Oct 28, 2021
By Nada Othman, MS, ACC
As child welfare veteran Amelia Franck Meyer shared in her 2016 TEDx talk, a sense of belonging is essential for survival and nurtures our ability to thrive. When we don’t feel belonging, our brain tells us our survival is in jeopardy and that we’re on our own. This can result in a “fight, flight, freeze” response. Meyer explained that we become aware of the connection between belonging and survival as babies. Belonging, connection, and community are crucial to our physical, mental, and emotional well-being.
My earliest memory of the power of belonging was on day one of first grade. Before then, I felt I belonged to the world and the world belonged to me. But on that day, the pain of not fitting in surged through my 6-year-old body. Maybe it was because I was the only Sudanese person in the otherwise Saudi classroom. Maybe it was because I noticed I was different and was afraid of not being accepted. Maybe it was because my parents separated that year and I feared I would never see my father again.

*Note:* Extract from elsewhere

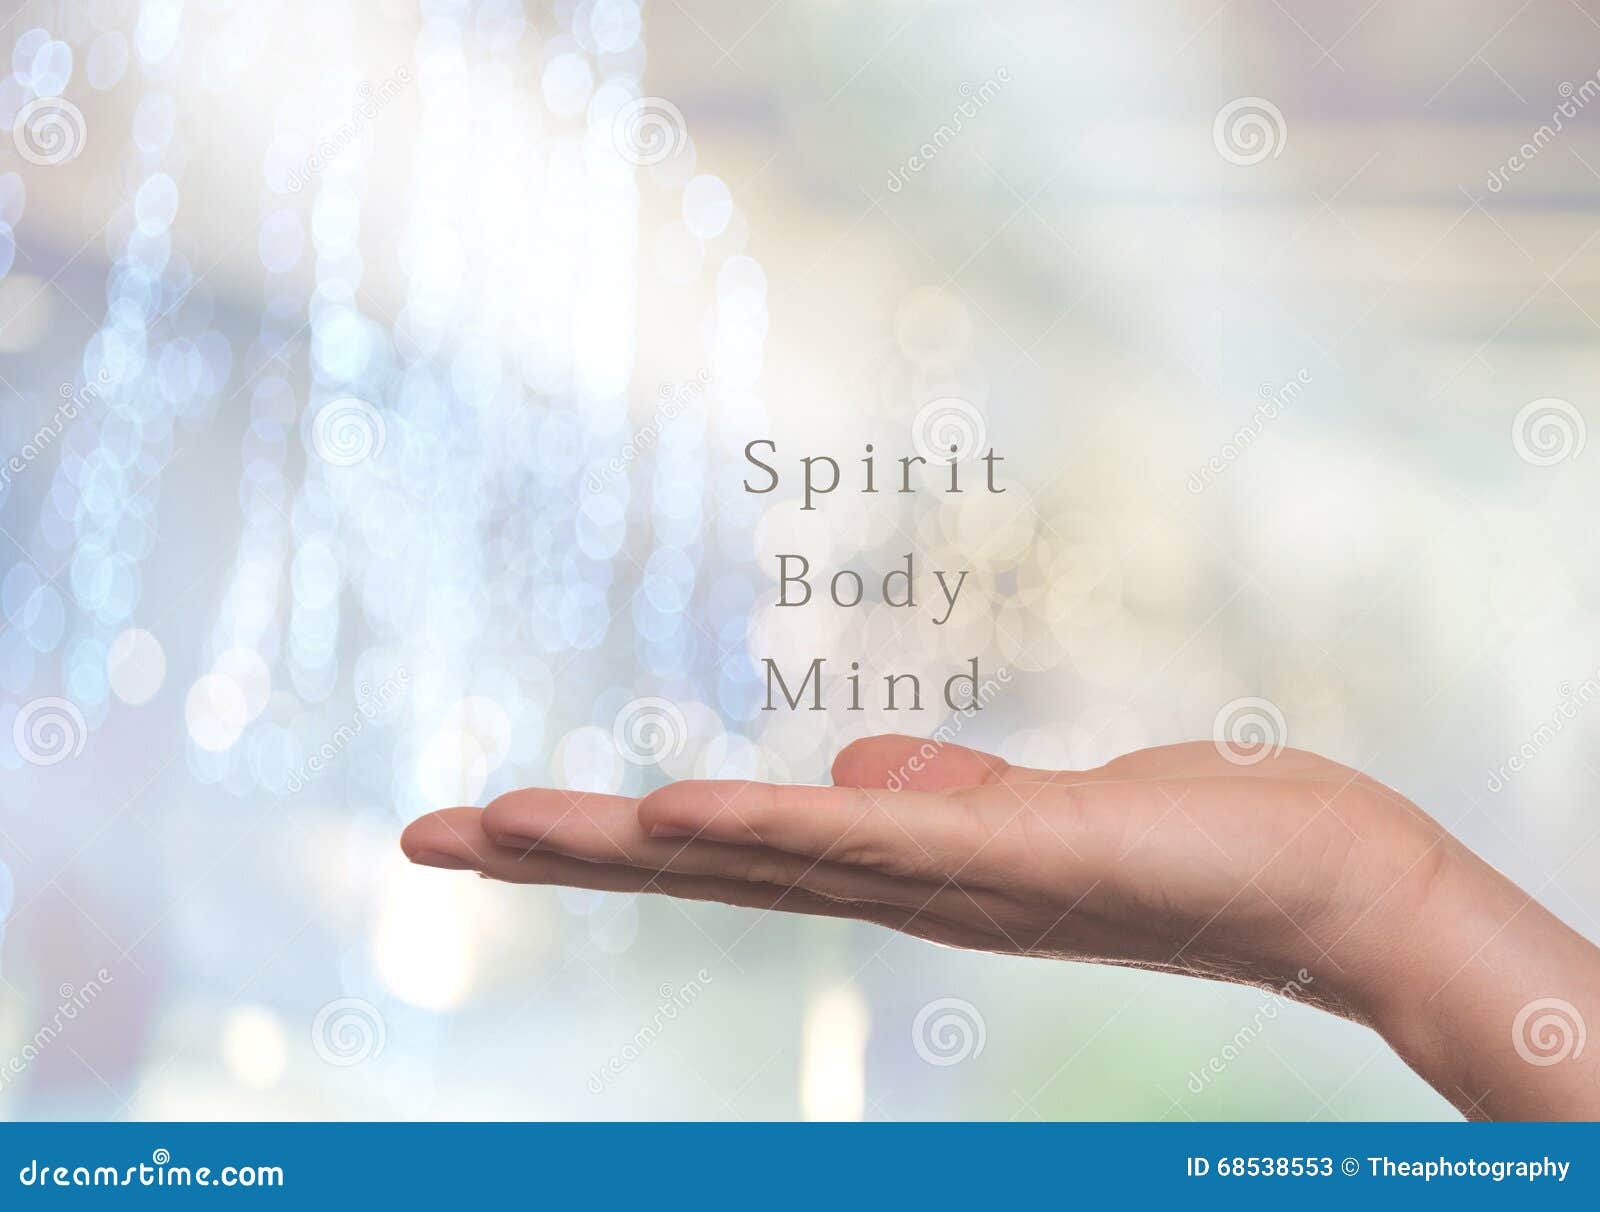 spirit, body and mind,

Seventeen years later, I flew from my home of 12 years in Dubai to Minneapolis. Landing at the Saint Paul International Airport marked the start of a new chapter in my life. It also tested my sense of belonging once again, and intensified my desire for community.
As someone with roots in so many places, creating community was easier said than done. There were times in my life when I felt invisible and longed for others to see me. I was so focused on receiving love that I forgot to love myself–to acknowledge my presence and the space that I held. Once I learned to love and accept my authentic self, I saw my self worth. Then, when I felt lost and alone, my self worth held me up.
Mental health is becoming an increasingly global concept–with that in mind, being a truly international mental health care provider is easier said than done, and learning to be that way was a journey. As an immigrant, I’d like to share what I have learned about re-establishing a mental health career and finding belonging in a new country.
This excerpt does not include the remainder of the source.